Mexican Beef Pot Roast

45 mins
Serves 4-6
  • La Banderita street tacos, to serve
  • Coriander, to serve
  • Sour cream, to serve
  • 2 white onions, finely chopped

Pot Roast

  • 1.5kg round beef roast, tied (or chuck beef roast)
  • 1 brown onion, sliced
  • 4 whole cloves garlic, bruised
  • 1 large red capsicum, sliced
  • 1 tsp cumin seed, crushed
  • 1 tsp. coriander seeds, crushed
  • 1 tbsp smoked paprika
  • 1 tsp dried oregano
  • 2 tbs chipotle chilli in adobo sauce
  • 1 tsp tomato paste
  • 1/4 cup apple cider vinegar
  • 2 tsp maple syrup
  • 1.2L beef stock (or enough to almost cover roast)

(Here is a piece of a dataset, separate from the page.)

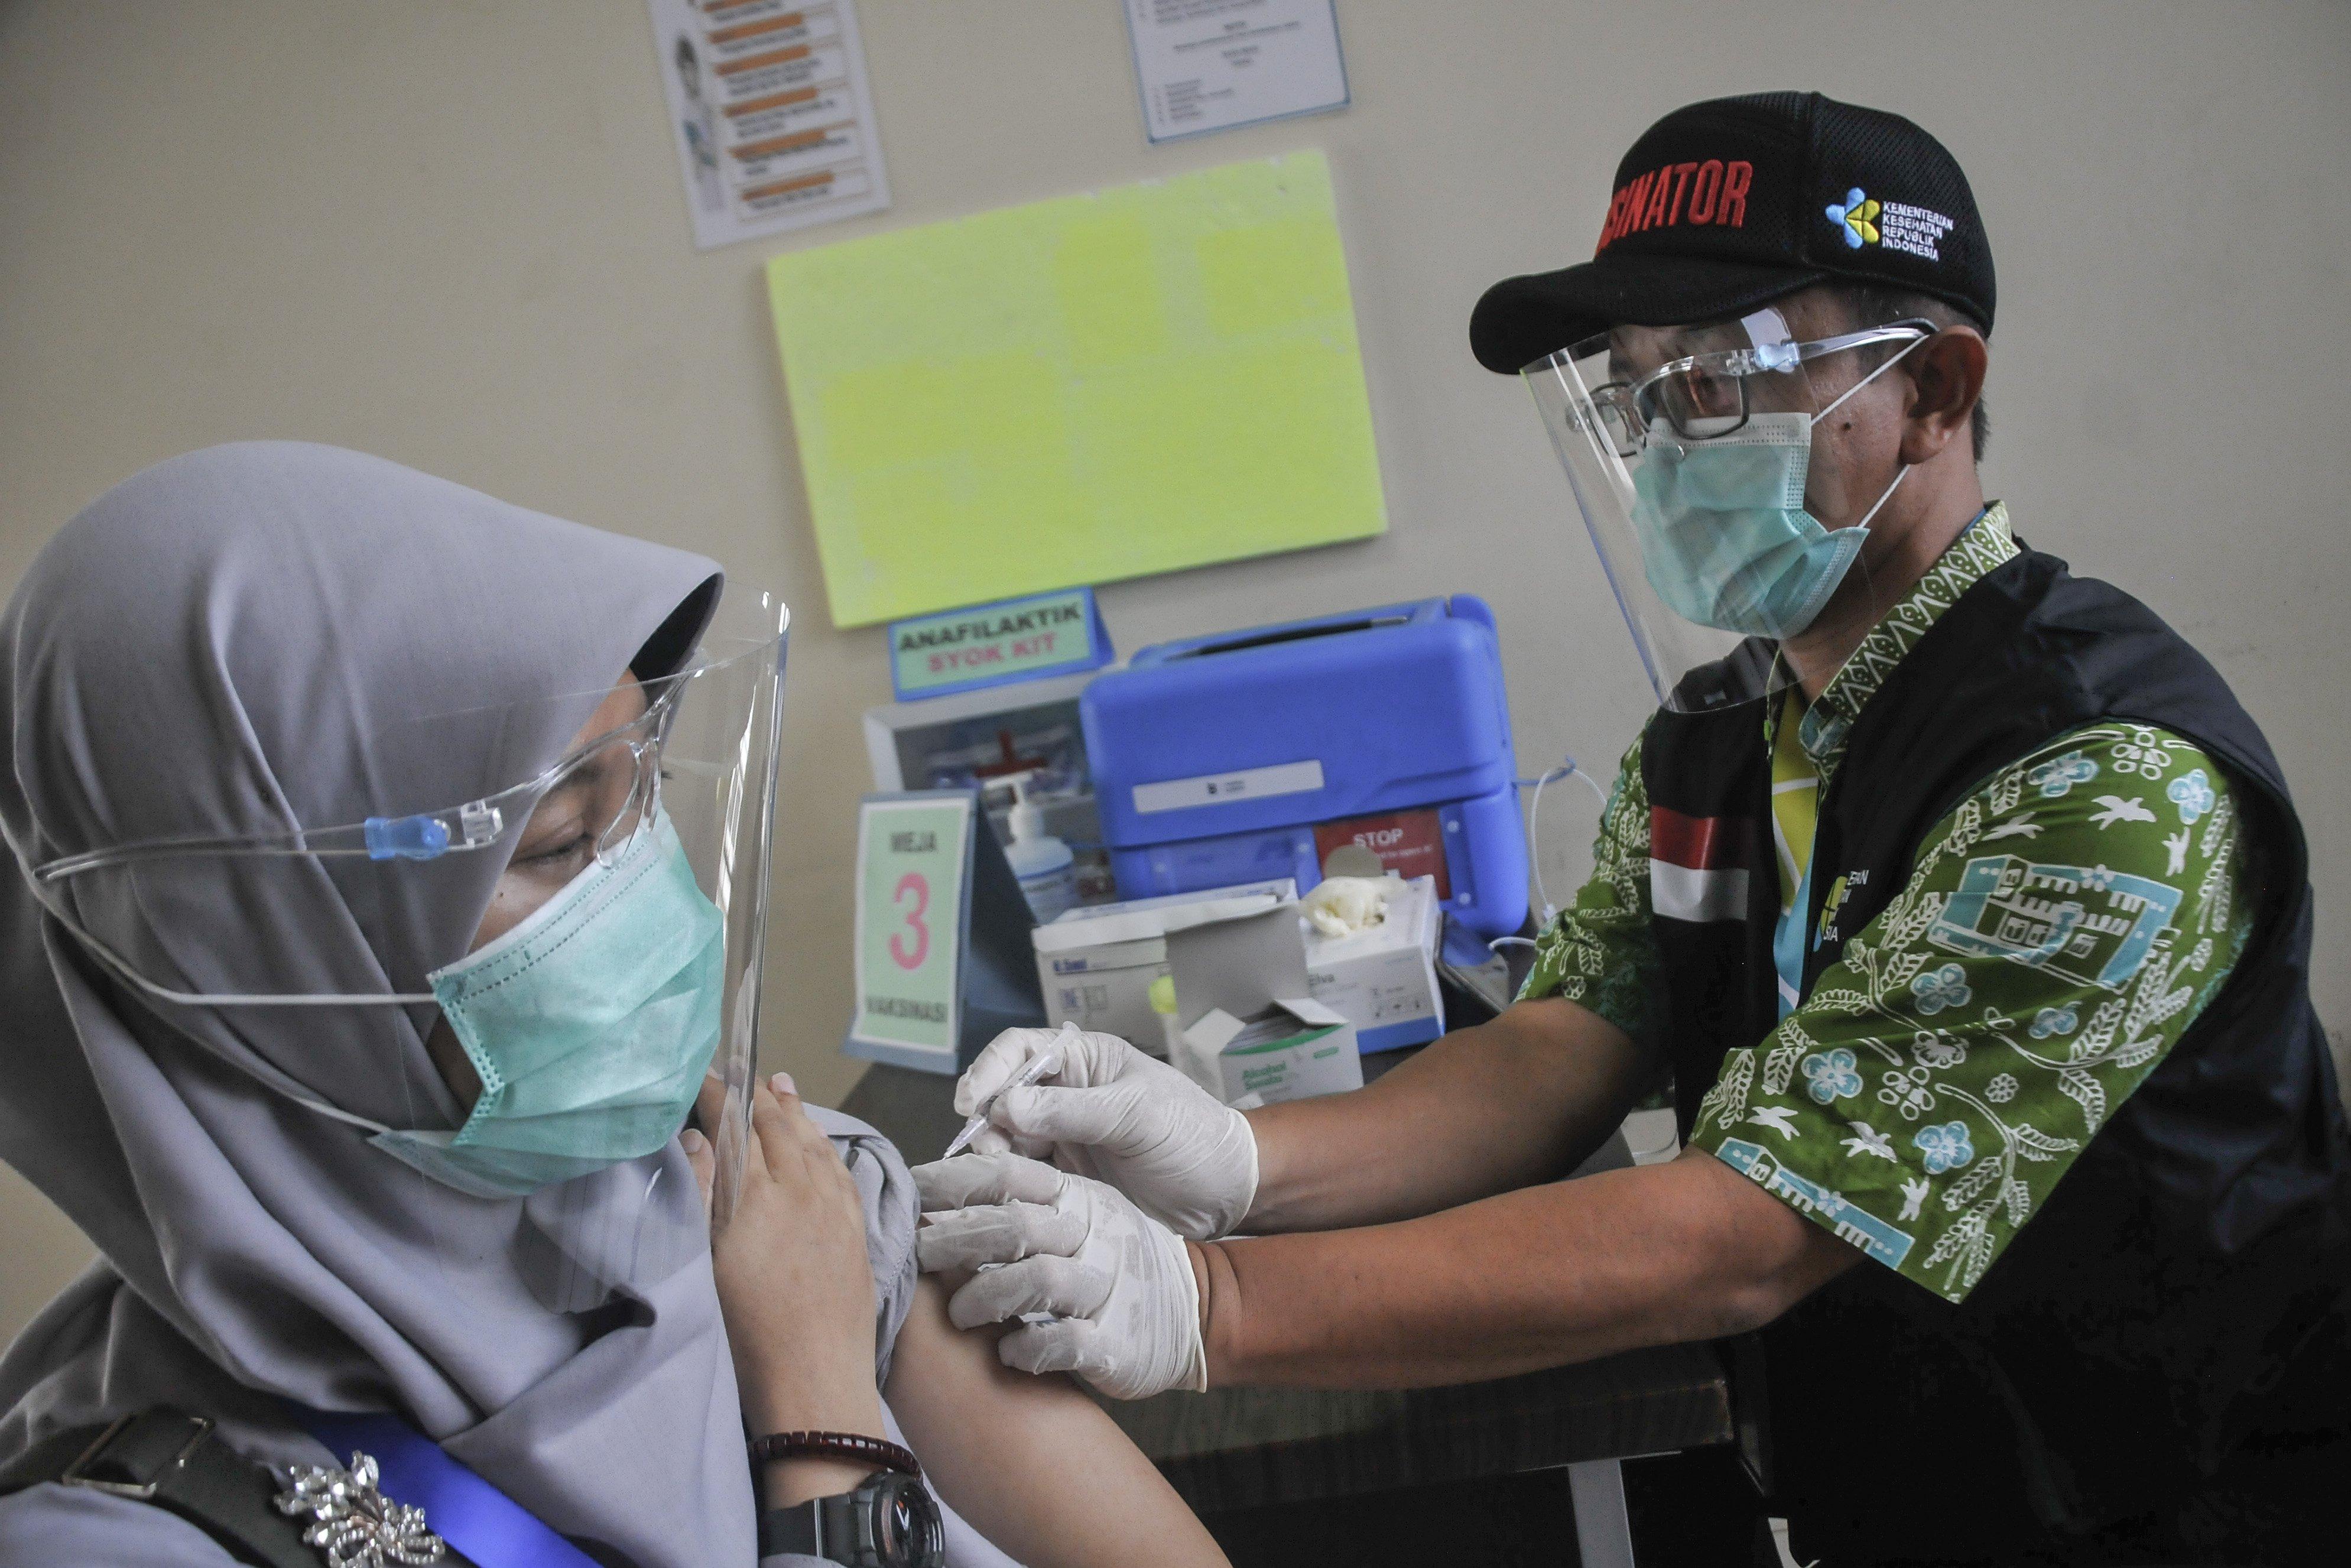 Petugas medis (kanan) menyimulasikan pemberian vaksin COVID-19 di Puskesmas Cikarang, Kabupaten Bekasi, Jawa Barat, Kamis (19/11/2020). Simulasi vaksinasi COVID-19 tersebut merupakan bagian dari upaya pemerintah menyampaikan sosialisasi tentang vaksin COVID-19 yang saat ini masih dalam tahap uji klinis.

  • Pre heat the oven to 160C.
  • Heat oil in a heavy based casserole pot over a medium to high heat. Season the meat with salt and brown the all over, then remove and set aside.
  • Add the onions, capsicum and garlic and sauté until soft and golden. Add the spices, oregano and chipotle in adobo sauce and cook for minute, then add the tomato paste, vinegar, maple syrup and stock.

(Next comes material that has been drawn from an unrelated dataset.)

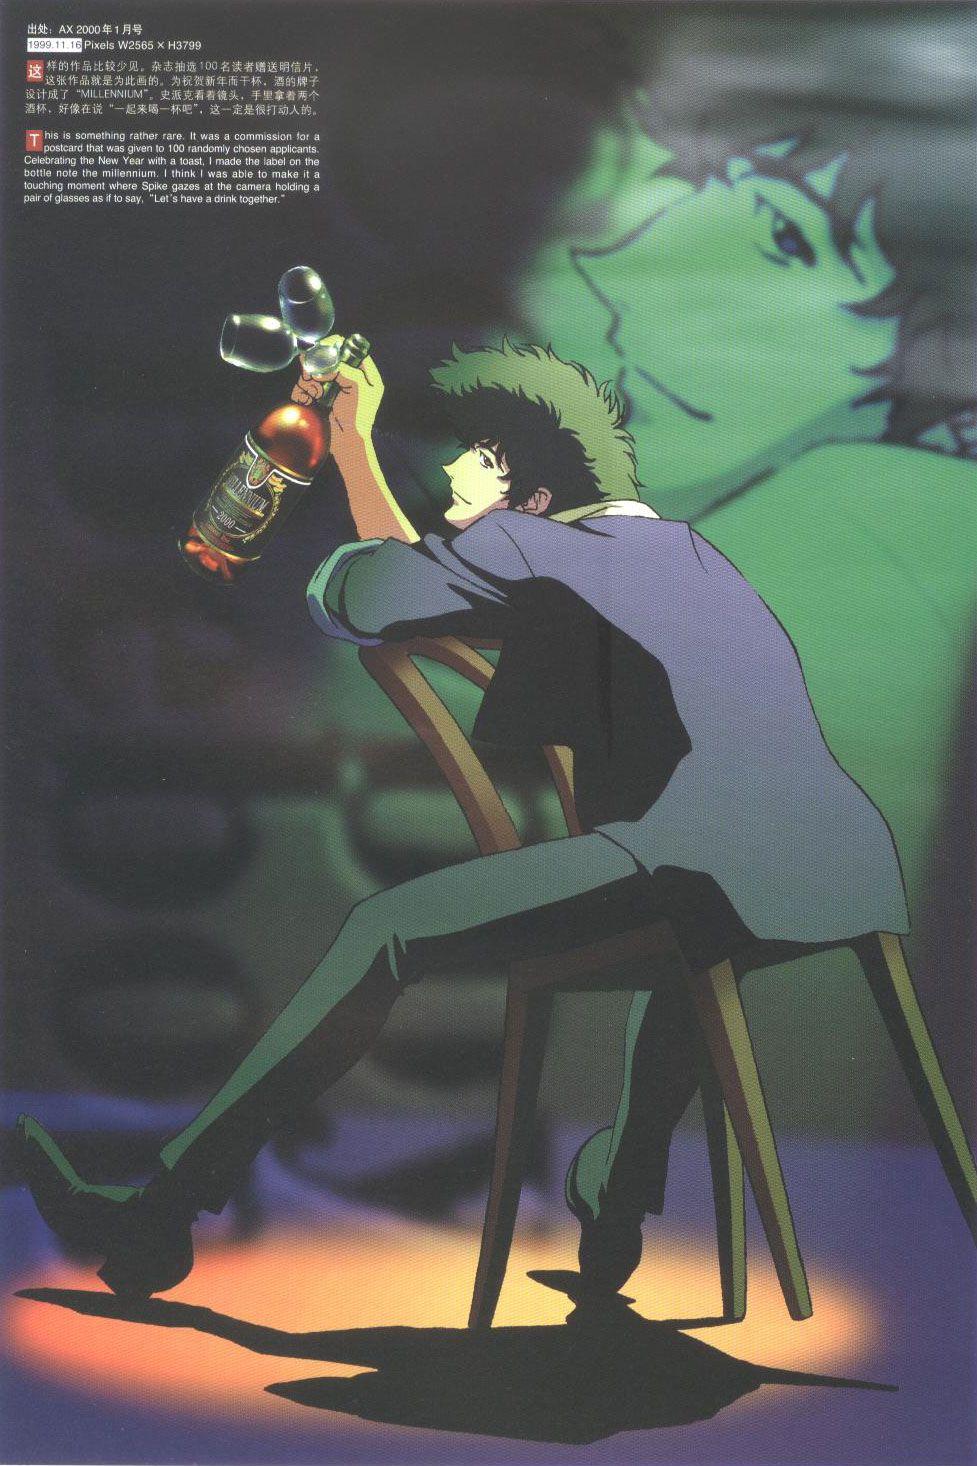 Pin by Jason Kamerath on Anime Cowboy bebop, Cowboy

  • Return the meat and cover with a piece of baking paper followed by the lid. Cook for 2 hrs or until tender.
  • Remove meat from pot and reduce the cooking liquid by a half or until thicker and rich. Cut off string from around the meat and slice or shred. Fold meat through sauce.
  • Serve with pot roast with warmed tortillas, sour cream, onions and coriander.